# Module 6: Classification

The following tutorial contains Python examples for solving classification problems. You should refer to the Chapters 3 and 4 of the "Introduction to Data Mining" book to understand some of the concepts introduced in this tutorial.

Classification is the task of predicting a nominal-valued attribute (known as class label) based on the values of other attributes (known as predictor variables). The goals for this tutorial are as follows:
1. To provide examples of using different classification techniques from the scikit-learn library package.
2. To demonstrate the problem of model overfitting.

Read the step-by-step instructions below carefully. To execute the code, click on the corresponding cell and press the SHIFT-ENTER keys simultaneously.


## What if the data is not categorical, i.e. if the data is continous numerical value? Can we use tree for the same? 

Answer is Yes.

We can use the Decision Tree Regressor Model to work on the continous numerical value.

Here is the link for the DecisionTreeRegressor Model.
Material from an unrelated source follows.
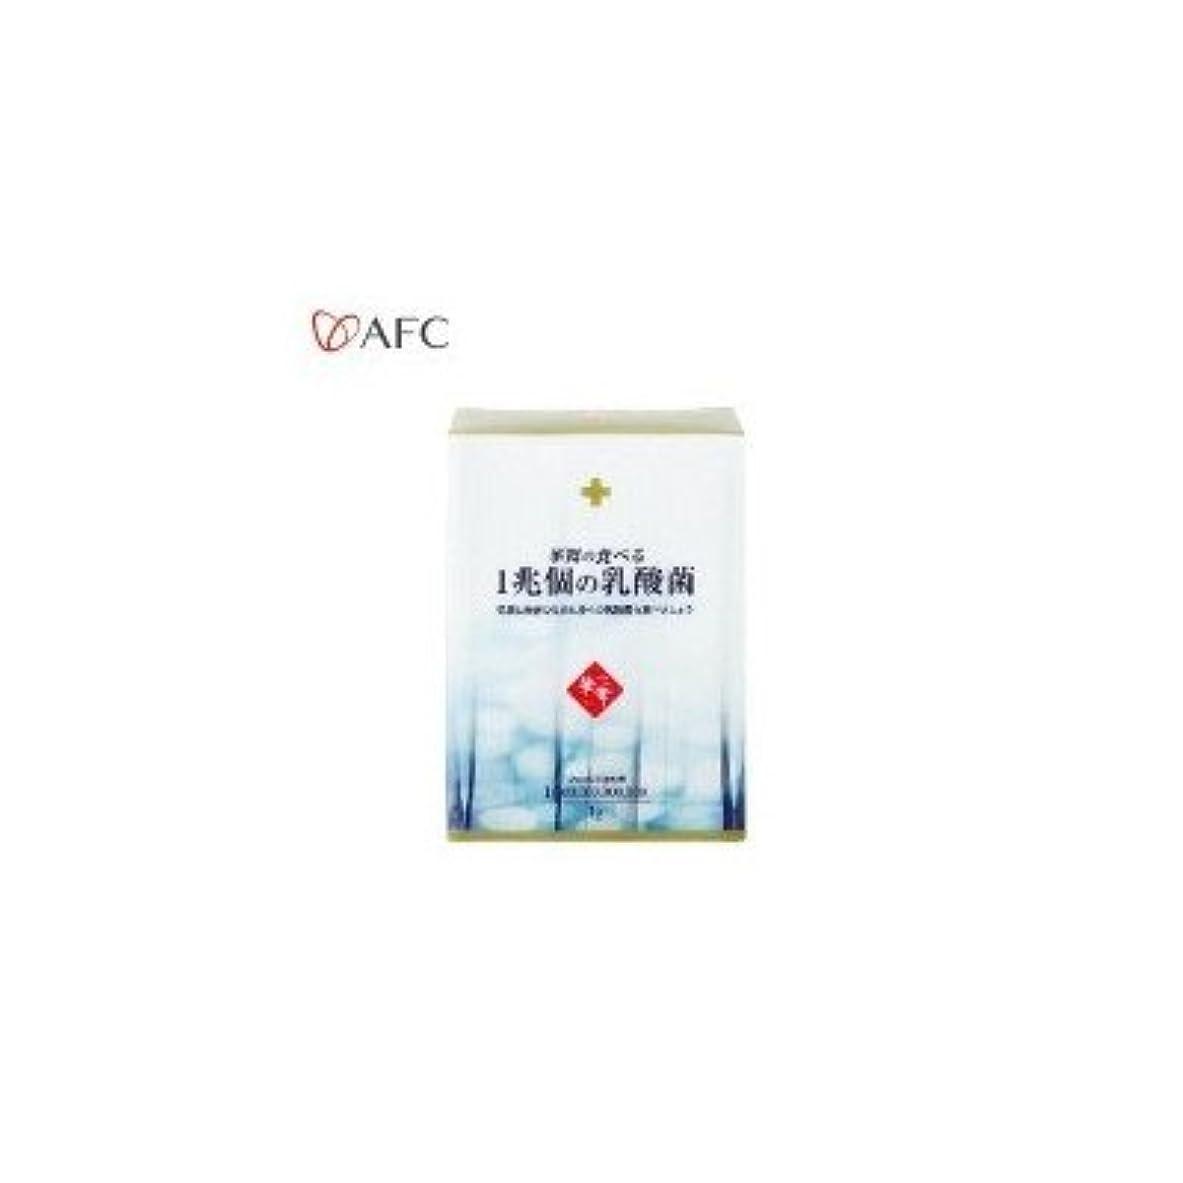 拍車によると障害者AFC 華舞シリーズ 華舞の1兆個の乳酸菌 スティックタイプ 30g(1g×30本) 3222 爽やかなヨーグルト 持ち運びにも便利なスティックタイプ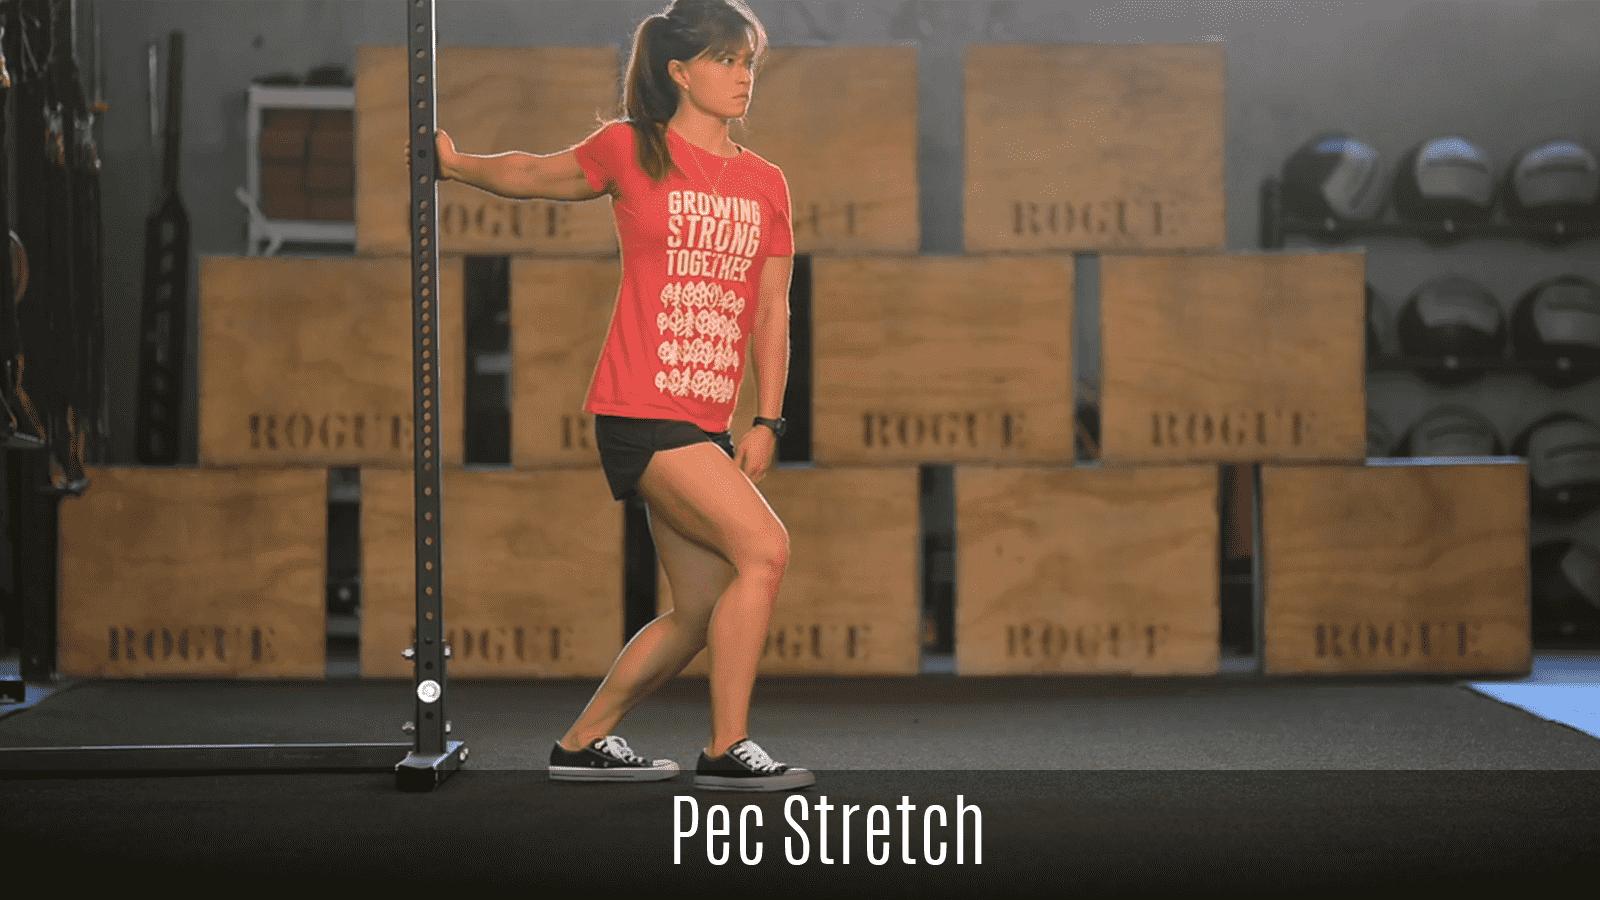 pec stretch demo using rack

DecisionTreeRegressor: https://scikit-learn.org/stable/modules/generated/sklearn.tree.DecisionTreeRegressor.html

### Decision Tree Regressor

In [None]:
import numpy as np
import matplotlib.pyplot as plt
import pandas as pd

In [None]:
dataset = np.array(
[['Asset Flip', 100, 1000],
['Text Based', 500, 3000],
['Visual Novel', 1500, 5000],
['2D Pixel Art', 3500, 8000],
['2D Vector Art', 5000, 6500],
['Strategy', 6000, 7000],
['First Person Shooter', 8000, 15000],
['Simulator', 9500, 20000],
['Racing', 12000, 21000],
['RPG', 14000, 25000],
['Sandbox', 15500, 27000],
['Open-World', 16500, 30000],
['MMOFPS', 25000, 52000],
['MMORPG', 30000, 80000]
])


In [None]:
# select all rows by : and column 1
# by 1:2 representing features
X = dataset[:, 1:2].astype(int)
y = dataset[:, 2].astype(int)

In [None]:
from sklearn.tree import DecisionTreeRegressor
regressor = DecisionTreeRegressor(random_state = 0)
regressor.fit(X, y)


In [None]:
y_pred = regressor.predict([[3750]])
print("Predicted price: % d\n"% y_pred)


In [None]:
# arange for creating a range of values
# from min value of X to max value of X
# with a difference of 0.01 between two
# consecutive values
X_grid = np.arange(min(X), max(X), 0.01)

# reshape for reshaping the data into
# a len(X_grid)*1 array, i.e. to make
# a column out of the X_grid values

X_grid = X_grid.reshape((len(X_grid), 1))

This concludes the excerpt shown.